Construction and content

To establish the PHA Depolymerase Engineering Database, the data warehouse system DWARF [14] has been applied. The DWARF system provides an automated retrieval tool to extract information on sequence, structure, or function from different source databases into a local data warehouse system. As a first step, 28 seed sequences of proteins with experimentally validated depolymerase activity (Table 1[15-33]) were stored in the database and annotated. These seed sequences were assigned to 6 previously described superfamilies based on their function [34]. Additionally the families of intracellular nPHASCL depolymerases (lipase box), of which one family member has recently been described [35], and the family of periplasmatic PHA depolymerases including the PHA depolymerase from Rhodospirillum rubrum [7] were introduced. Thus, a total of 8 superfamilies were introduced:

Table 1

Experimentally validated PHA depolymerases, which were used as seed sequences to set up the DED.

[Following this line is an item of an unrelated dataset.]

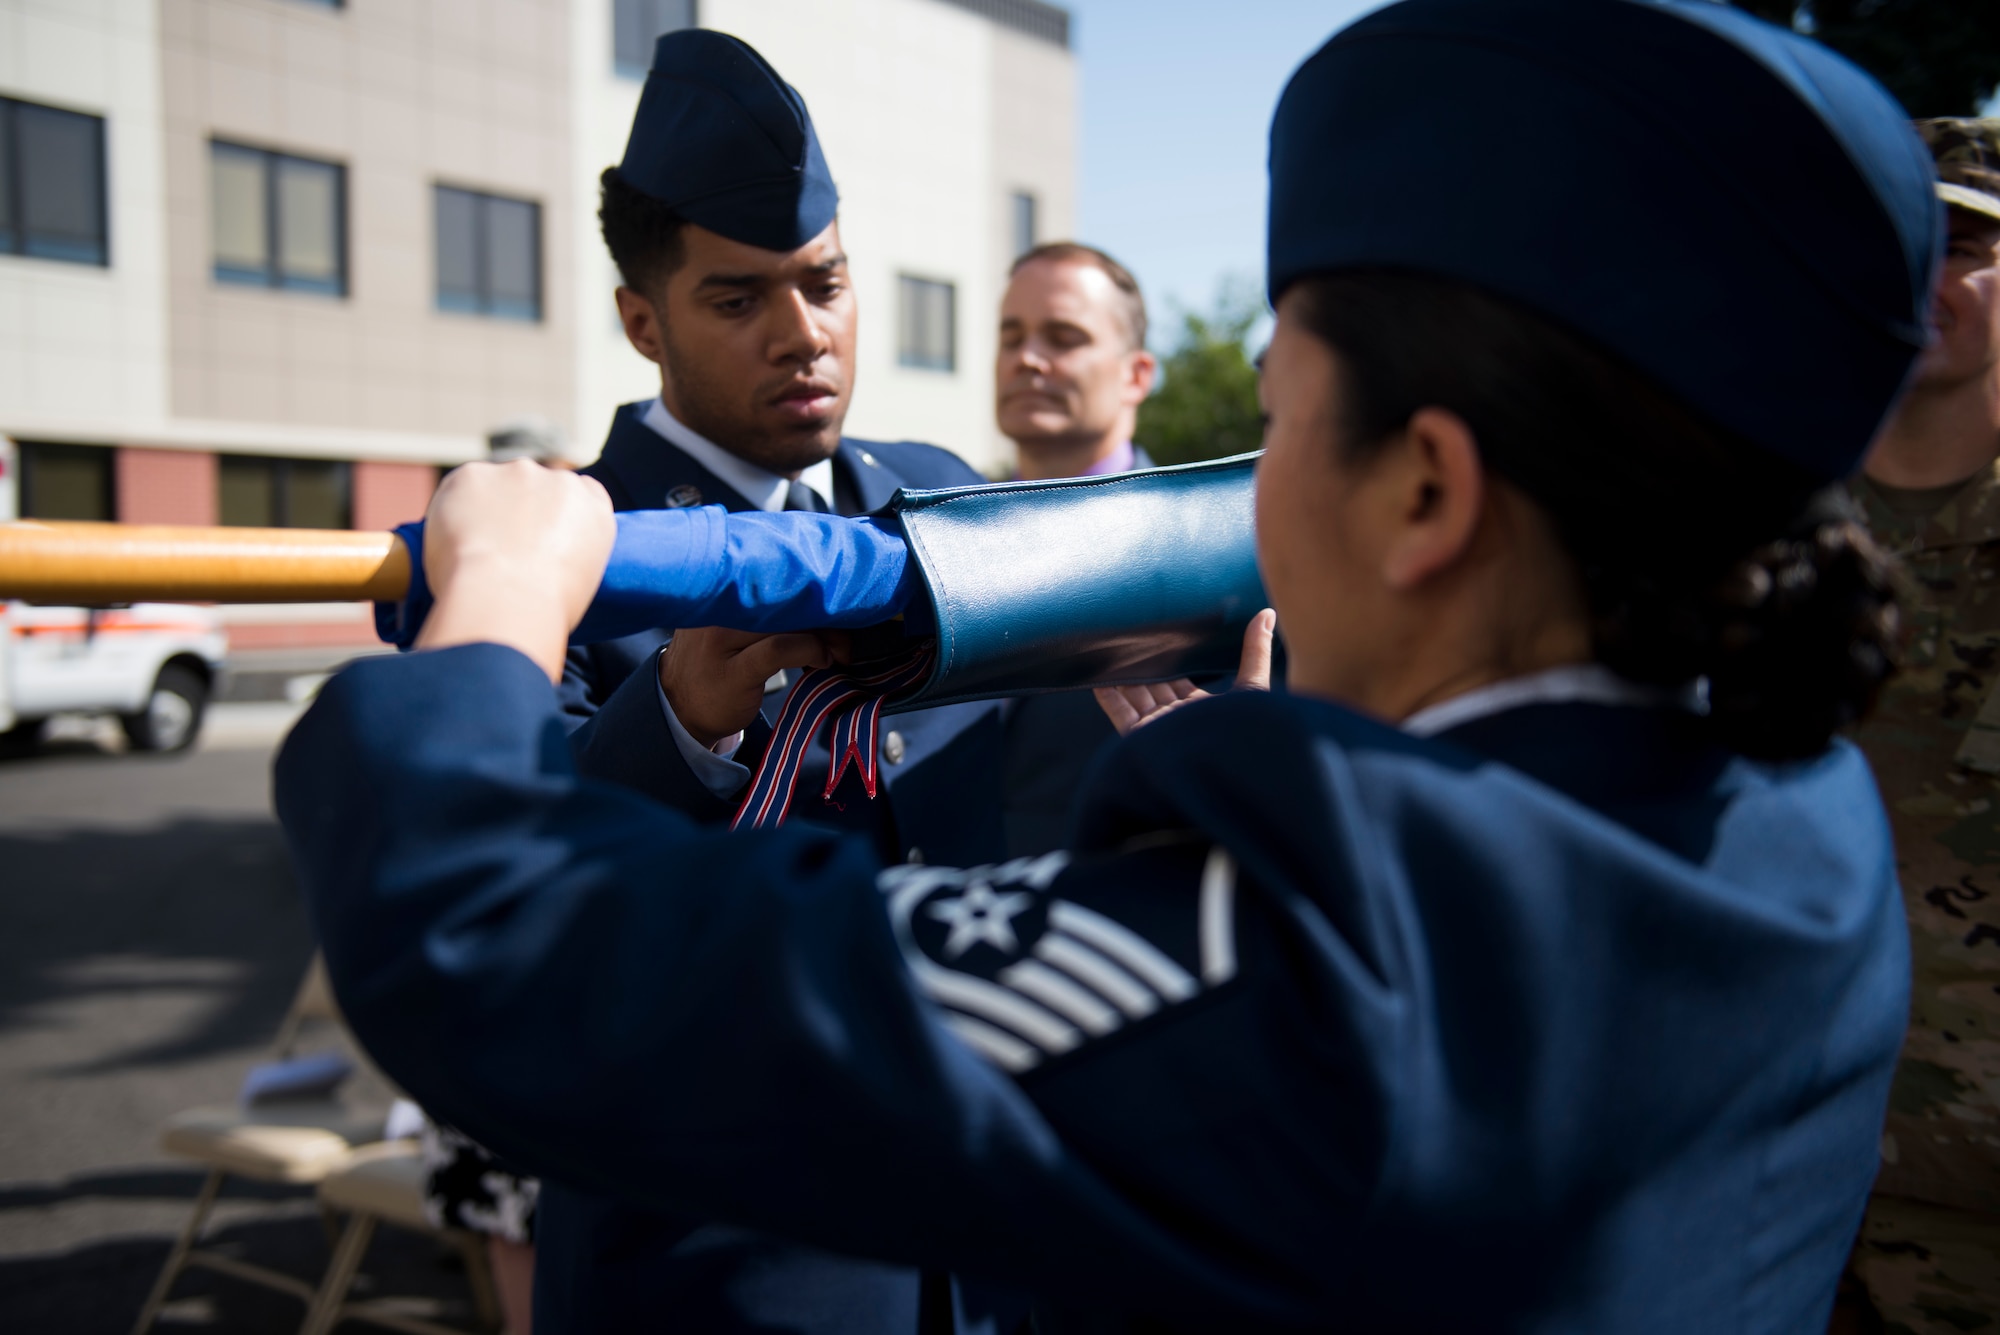 U.S. Air Force Master Sgt. Brittany Zavala, 92nd Health Care Operations Squadron superintendent, covers the 92nd Medical Operations Squadron?? guidon as part of the 92nd Medical Group re-designation ceremony at Fairchild Air Force Base, Washington, July 19, 2019. The 92nd MDG initiated the first phase of its re-designation program by hosting a ceremony renaming the 92nd AMDS  to the 92nd Operational Medical Readiness Squadron and the 92nd Medical Operations Squadron to the 92nd Health Care Operations Squadron. (U.S. Air Force photo by Airman 1st Class Lawrence Sena)

Accession number (gi)	Organism	Family	Reference
3641686	Ralstonia eutropha H16	Intracellular nPHA_SCLdepolymerases (no lipase box)	[28]

75763431	Bacillus thuringiensis serovar israelensis ATCC 35646	Intracellular nPHA_SCLdepolymerases (lipase box)	[35]

22035160	Rhodospirillum rubrum	Periplasmatic PHA depolymerases	[7]

130002	Pseudomonas oleovorans	Intracellular nPHA_MCLdepolymerases	[18]
21689574	Pseudomonas putida		[17]

130019	Ralstonia pickettii	Extracellular dPHA_SCLdepolymerises (catalytic domain type 1)	[29]
1777951	Alcaligenes faecalis		[23]
116744367	Bacillus megaterium		[48]
1730532	Paucimonas lemoignei		[20]
7385117	Paucimonas lemoignei		[31]
1657610	Paucimonas lemoignei		[15]
1621355	Paucimonas lemoignei		[15]
531464	Paucimonas lemoignei		[45]
531466	Paucimonas lemoignei		[45]
75538924	Pseudomonas stutzeri		[26]
5360565	Ralstonia pickettii
1381030	Ralstonia pickettii

4033618	Acidovorax sp. TP4	Extracellular dPHA_SCLdepolymerises (catalytic domain type 2)	[25]
7209864	Caldimonas manganoxidans		[33]
565666	Comamonas sp.		[19]
75340123	Delftia acidovorans		[21]
47078657	Schlegelella sp. KB1a		[27]
1389770	Streptomyces exfoliatus		[24]
88192747	Penicillium funiculosum		[16]

15788987	Paucimonas lemoignei	Extracellular nPHA_SCLdepolymerases	[6]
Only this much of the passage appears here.